Шрифт:
Интервал:
Закладка:
А пока что я пытаюсь проглотить очередную ложку того, что откровенно навалено в чашу, и не сорваться. Не разнести все в этом месте, будучи ведомым своим безумием. Я – психопат. Я – загнанный в угол. Я – зверь… Но мне это нравится. Мне это необходимо… Сейчас. Я – психопат.
– Да, это ты! – один голос.
– Психопат – это ты, – второй голос.
– Загнанный зверь – психопат, – третий голос.
– Ты перемолотый в кашу своих недостатков и достоинств безумный кусок дерьма, – последний голос озвучил свое мнение, и я громко засмеялся, почувствовав безграничную радость в груди.
Время неумолимо мчится вперед. Как гончая, которая несется за куском поролона, обшитого дешевой поддельной шерстью. Эта псина никогда не сможет догнать свою цель. Только время, оно безумно, как я. Оно – бешеная гончая псина, которая мчится вперед, ведомая своим инстинктом, мозгом, умирающим по причине болезни. Оно, время, оно еще та сука.
Оно утекает сквозь пальцы, оставляя свежие мозоли, которые своими наростами сдерживают температуру кружки с чаем. Я тяну его с огромным удовольствием, будто бы это единственное, что у меня осталось в жизни. Я пью чай и представляю совершенно глупый сценарий о том, как у меня отбирают или выбивают из рук сосуд с милой моему сердцу жидкостью. Я представляю это в мельчайших подробностях.
– Бери за волосы, – один голос.
– Давай! Бей об землю лицом, – второй.
– Смотри внимательно, это глаз! Он вылетел из черепа! Ха-Ха! – третий.
– Еще пару ударов, и ты уничтожишь это ничтожество, – четвертый.
– Стоп! – кричит пятый голос в моей голове, и я возвращаюсь в суровую реальность.
Мой внутренний мирок лопнул. Он раскидал вокруг тысячи маленьких кусочков себя подобно мыльному пузырю. Я смотрю в другой конец комнаты и вижу там отражение своих иллюзий. Я – генератор глупых мыслей.
Я пью горячий чай и смотрю на то, как это сырое, холодное место, в котором жизни нет и быть не может, изменяется благодаря мультикам моего сознания… Как бешеная гончая псина мчится за своей призрачной целью. Если она догонит этого иллюзорного кролика, если это случится, то вселенная лопнет из-за того, что время не будет знать, что делать со своей добычей. Вселенная лопнет подобно мыльному пузырю мультика моего сознания.
А я пью чай и вношу эти заметки в небольшой блокнот, купленный мной на кладбищенские деньги. Я пишу о том, как сегодня утром резкий запах людских нечистот поприветствовал меня на улице. Описываю скользкую глину, мерзкую грязь под ногами, которая проникала сквозь пальцы при каждом шаге и пачкала мои стопы собою. Я пишу о холодном ветре ноября, который мириадом тончайших нитей чистой стужи пронизывал мое толе позже, когда я кидал лопатой грязь. Как я смотрел на капельки пота, смешанные со струйками крови, скользящими вниз. Как толстовка, повешенная на крест, изображала собой сына божьего. Вспоминаю торговлю, вспоминаю покупку посмертной индульгенции, приобретение освобождения от грехов у того, кто торгует верой тем, кто в Бога не верит.

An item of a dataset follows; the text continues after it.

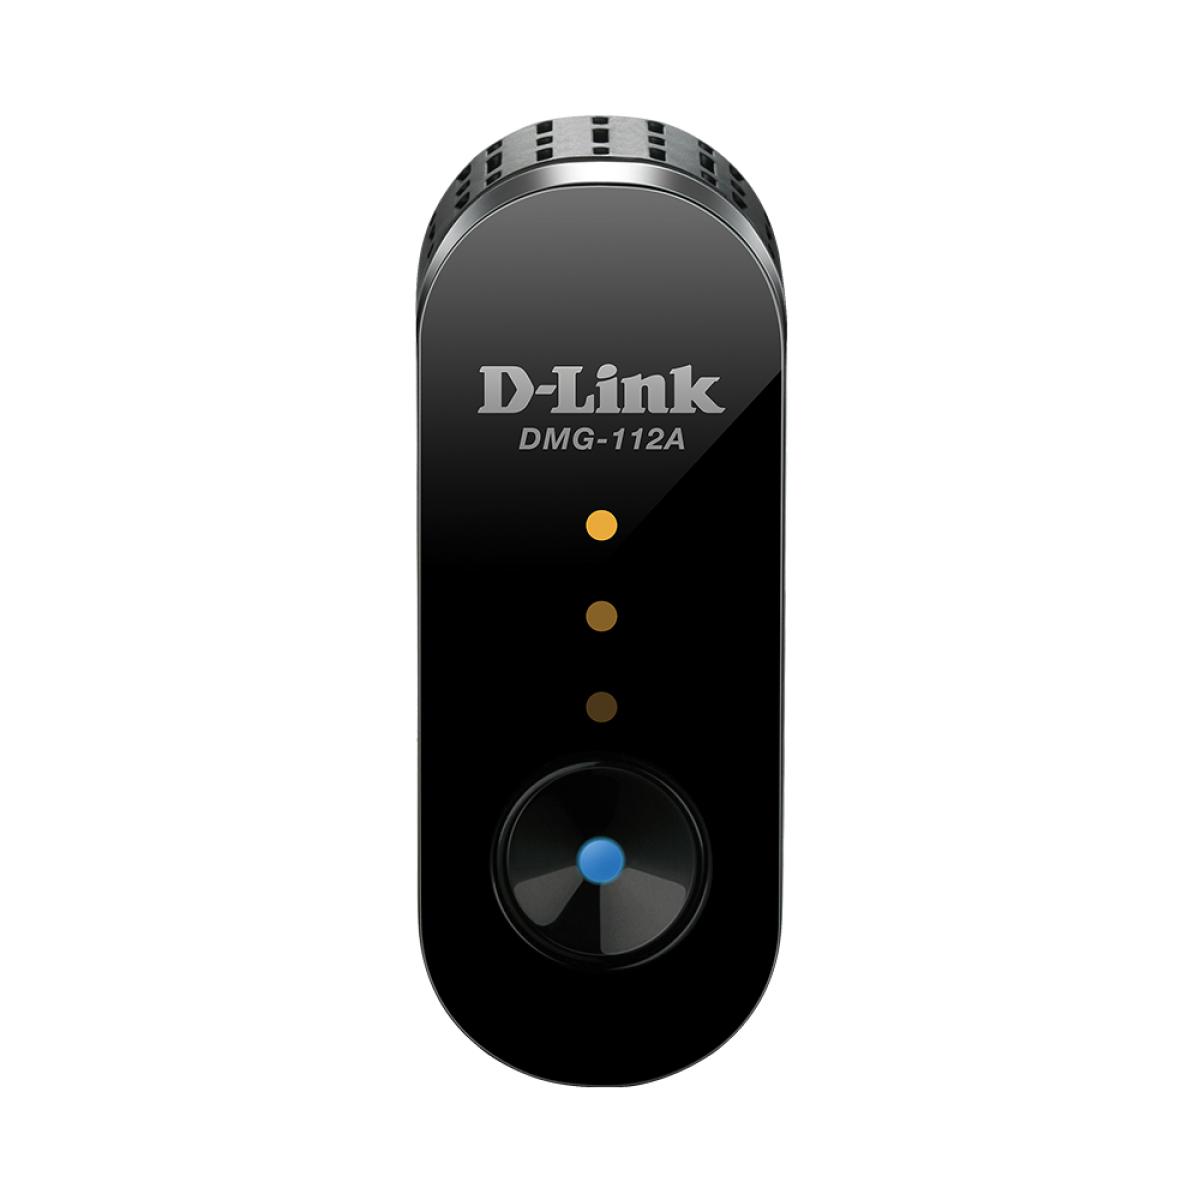 D-Link DMG-112A Wireless N300 Range Extender

«Слепцы, – думаю я. – Все вы будете приглашены на собрание вам подобных, и там, в большой светлой комнате, в компании Сократа и Декарта вы будете обречены на вечные беседы. Вы все будете сосланы на один из уровней единственного заинтересованного в человеческих жизнях, человеческих душах. Вы все будете ублажать его слух своими догадками и теориями, своими гипотезами и аксиомами о том, что мироздание является чем-то другим и отличается от места их заточения. Все они будут рассказывать про крепкий сон в летнюю ночь где-нибудь в яблочном саду, где в ожидании прелестницы они уснули и теперь наблюдают даже не кошмар, а просто странный сон длинною в бесконечность».
Я вновь вспоминаю о приобретении милости божественной и о девушке в деревянном ящике. Она была такой живой и счастливой, когда я встретил ее впервые. Она лежала на сером асфальте, прислонившись к нему щекой, и улыбалась так, будто бы слышала, как город дышит, или же слушала сказки этого города. Она лежала на асфальте и была недвижима, полна безмятежного спокойствия, а в глазах ее я видел счастье от создания нового мира. Такого выражения глаз никогда раньше я не видел и, думаю, больше никогда не увижу.
Она лежала на асфальте. Вокруг бегал тот самый покупатель очищения запятнанной самоубийством души. Он ее любит, до сих пор… Уверен.
Я – беспрекословная вера своим мыслям.
Я помню, как девушка-санитар помогала уложить бездыханное тело в черный пакет. Я наблюдал за этим словно завороженный, и мысли потоком капель, наполняющих океан, неслись сквозь меня. Я стоял как вкопанный. Стоял и мешал ей пройти к дверям грузового отделения машины скорой помощи. Не знаю, почему стоял именно там, не помню этого, это не важно… Она коснулась моего оголенного из-за формы майки плеча. Она такая милая, она коснулась моего плеча, и я ощутил холод кубиков льда Сабзиро, холод Антарктиды, холод космоса, холод азота, холод абсолютного нуля.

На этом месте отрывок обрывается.